Immune recognition of proteins and peptides can also be affected by deamidation/isomerization of asparagine and glutamine residues. For example, T cells have been described that specifically recognize peptides containing asparagine residues that have either cyclized (5) or become deamidated to aspartic acid (6, 7). As has been pointed out (8), the appearance of such modifications in "self"-proteins may disturb the delicate balance that the immune system establishes between tolerance to self-proteins on the one hand but an ability to respond to foreign entities on the other. For example, mice showed no response to unmodified forms of a self-cytochrome c peptide (90-104) or to a small nuclear ribonucleoprotein D peptide (65-79) but developed strong T and B cell responses to forms of these peptides in which a single Asp residue had been modified to iso-Asp (9). Importantly, the B cell response to the iso-Asp containing peptide cross-reacted with the native protein, suggesting a plausible chain of events initiated by post-translational protein modification that may lead to autoreactivity. In the case of -gliadin, a single glutamine residue, likely deamidated as a result of tissue transglutaminase action, is found in two overlapping T cell epitopes recognized by T cells from human leukocyte antigen-DQ2-positive celiac disease patients (10, 11).

Proteolytic processing reactions are required before T cell epitopes are captured and displayed on major histocompatibility complex molecules. In the class II major histocompatibility complex pathway, a number of endosomal/lysosomal processing enzymes participate in these reactions (12), including a cysteine protease known as asparagine endopeptidase (AEP) or legumain that is highly specific for cleavage at Asn residues (13, 14). The identification of this enzyme raised the possibility that asparagine deamidation may additionally affect T cell recognition of proteins indirectly, by influencing the processing reactions that generate T cell epitopes. Using the tetanus toxin C fragment (TTCF) antigen as a test case, we explore this possibility here and demonstrate that spontaneous Asn deamidation readily occurs and that this can influence antigen processing and presentation.

	EXPERIMENTAL PROCEDURES

TOP ABSTRACT INTRODUCTION EXPERIMENTAL PROCEDURES RESULTS DISCUSSION REFERENCES

 
TTCF and TTCF Mutants—The TTCF, incorporating a hexa-histidine tag, was produced in BL21 Escherichia coli and purified using nickel-agarose as described (15). Single point mutations were introduced using the QuikChange mutagenesis kit (Stratagene) according to manufacturer's instructions. Asn-1183 was mutated to Asp using the following mutagenic PCR primers: forward, 5'-CAA ACG CTA CAC TCC GGA CAA CGA AAT CGA TTC-3'; reverse, 5'-GAA TCG ATT TCG TTG TCC GGA GTG TAG CGT TTG-3'.
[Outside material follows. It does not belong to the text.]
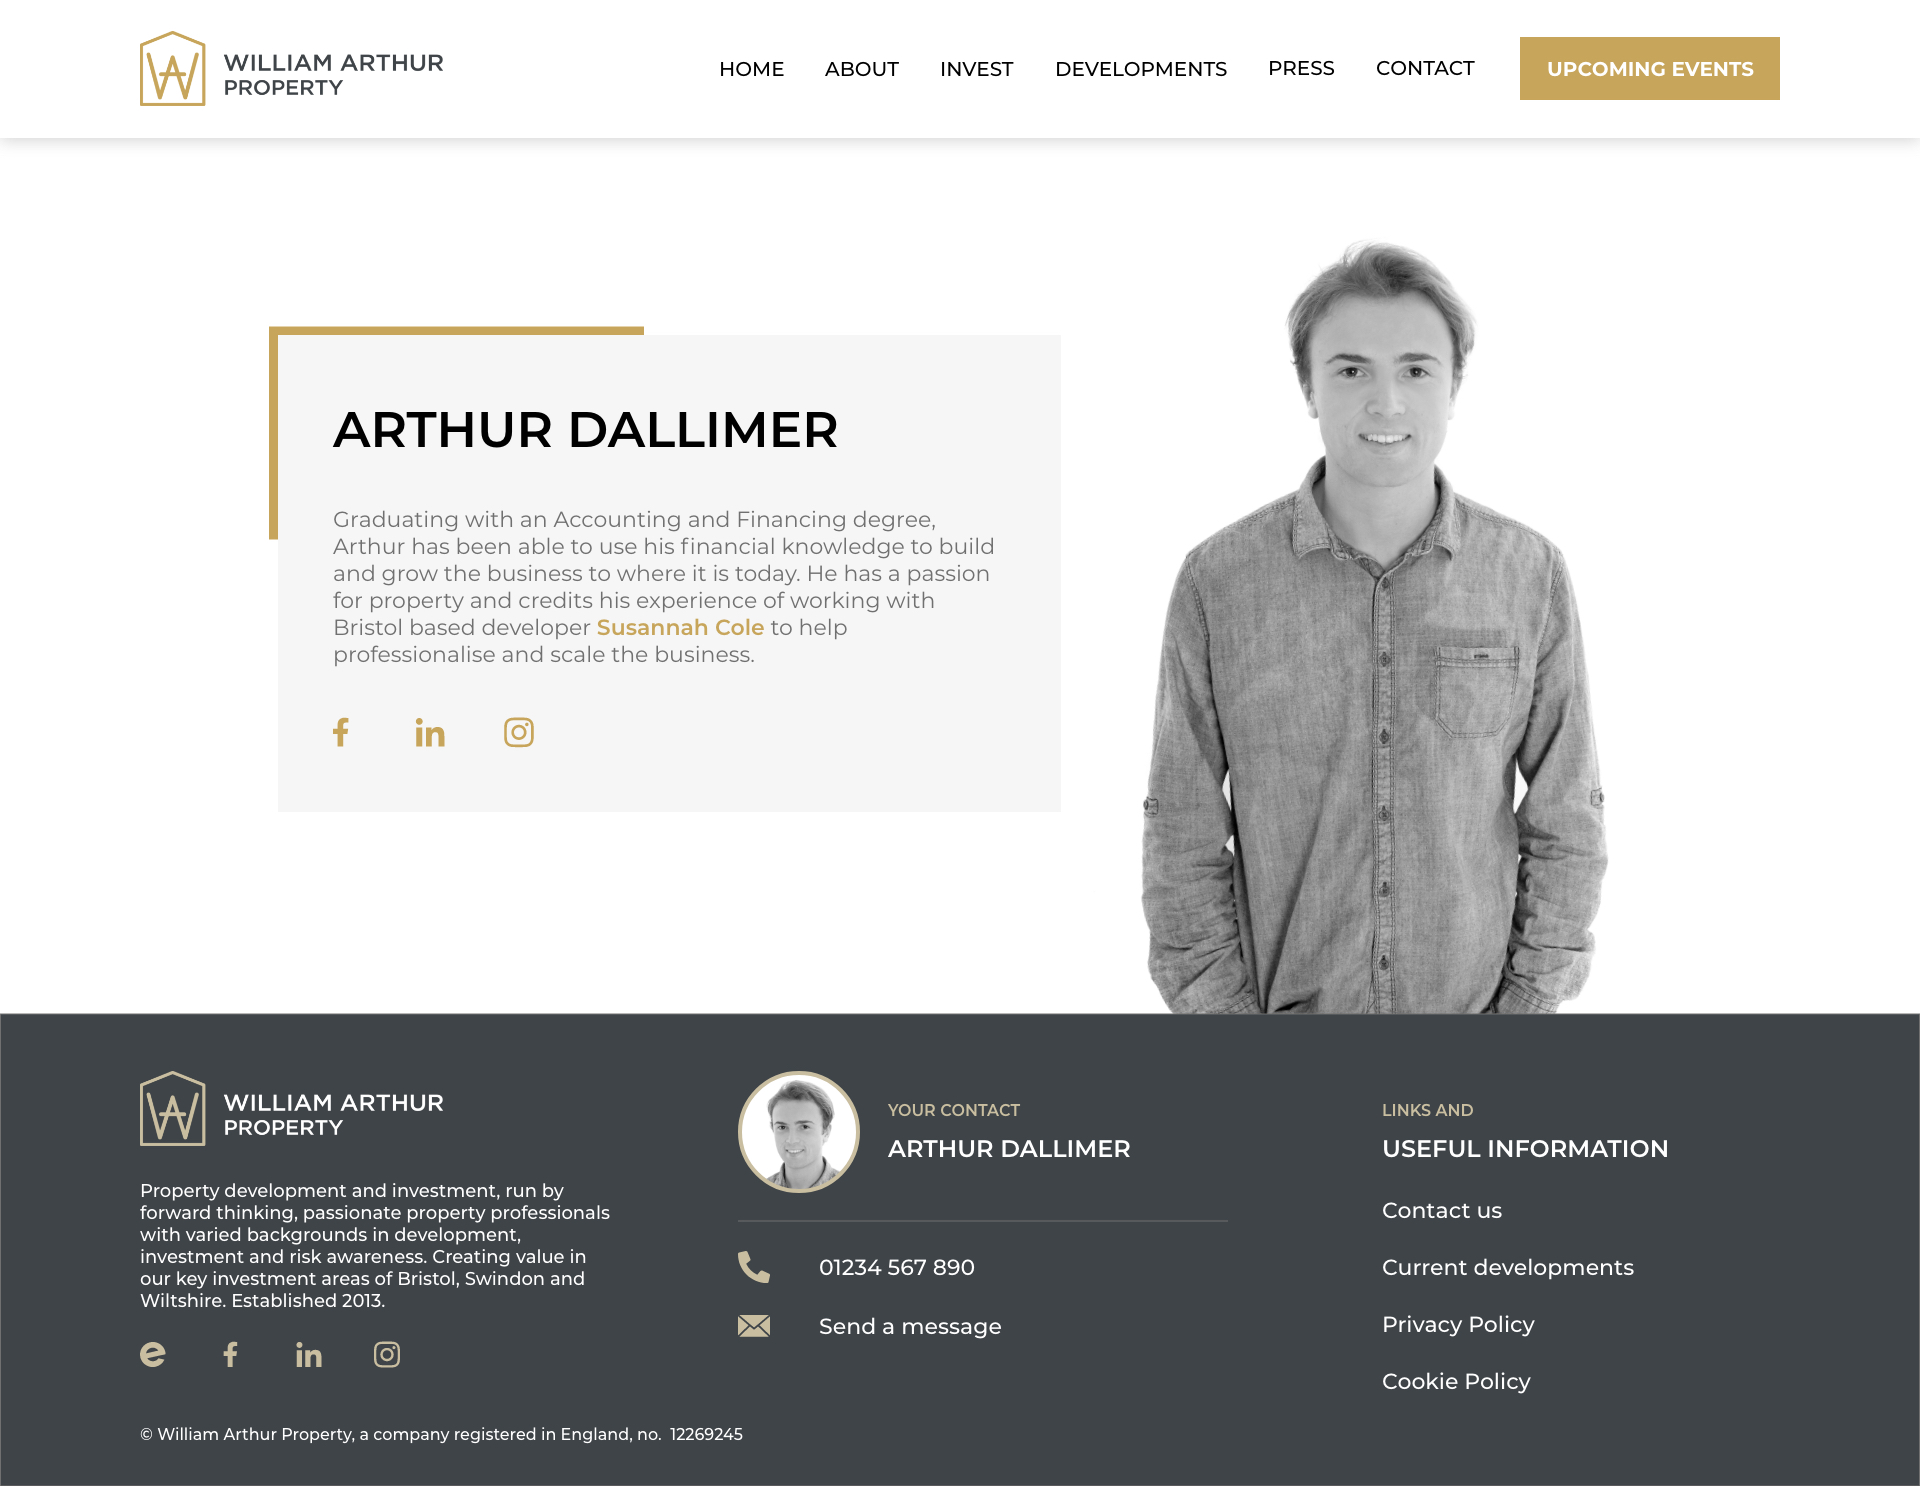 William Arthur - D111 - Team Member

Peptides—TTCF peptides comprising residues 1178-1191 of the tetanus toxin sequence (KRYTPNNEIDSFVK, KRYTPDNEIDSFVK, KRYTPiso-DNEIDSFVK) were synthesized by N-(9-fluorenyl)methoxycarbonyl) biochemistry by Dr. Graham Bloomberg at the University of Bristol. Residue 1183 is highlighted in bold.

Deamidation of TTCF—To permit spontaneous deamidation of TTCF, the protein was filter-sterilized and incubated in phosphate-buffered saline for 4-6 weeks at 37 °C (TTCF37). A control sample was incubated in parallel at 4 °C (TTCF4).

Proteolytic Cleavage of TTCF by AEP—TTCF (0.5 mg/ml) was incubated at 37 °C with 10 mU/ml recombinant human AEP (prepared as described (17)) in 50 mM acetate, pH 4.5, 5 mM dithiothreitol. At timed intervals, the reaction was stopped by the addition of 1 mM iodoacetamide. For pepsin digestions, TTCF (0.5 mg/ml) was incubated with 5 mU/ml pepsin (Sigma) in 50 mM sodium citrate, pH 4.0, 4 M urea. Proteolytic peptides were visualized on 12% Tris-Tricine SDS gels.

View larger version (53K): [in this window] [in a new window]   FIG. 1. Evidence for deamidation of TTCF. A, TTCF37 and TTCF4 were digested with AEP as described under "Experimental Procedures." 5-µg aliquots were removed at the indicated times and analyzed by SDS-PAGE. Arrows indicate two minor AEP cleavage products that are more prevalent in the digestion of TTCF37. MW, molecular mass. B, cation exchange chromatography of TTCF4 (dashed line) and TTCF37 (solid line) was used to analyze charge differences between the two proteins. C, TTCF37 and TTCF4 were incubated with pepsin, and 5-µg samples were removed at the indicated times and analyzed by SDS-PAGE.

Cell Lines and Media—T cell hybridomas specific for TTCF were generated as described (16, 18) and were maintained in RPMI supplemented with 10% heat-inactivated fetal calf serum, 2 mM glutamine, 100 µg/ml kanamycin, and 50 µM -mercaptoethanol. The hybridoma specificities have been defined as follows: 1H3 recognizes amino acids 1145-1161, 1H3 and 4E4 recognize amino acids 950-966, and 5B12 recognizes amino acids 900-915 (18). The murine B cell line LB27.4 was maintained in RPMI supplemented with 10% fetal calf serum, 2 mM glutamine, 100 µg/ml kanamycin, and 50 µM -mercaptoethanol.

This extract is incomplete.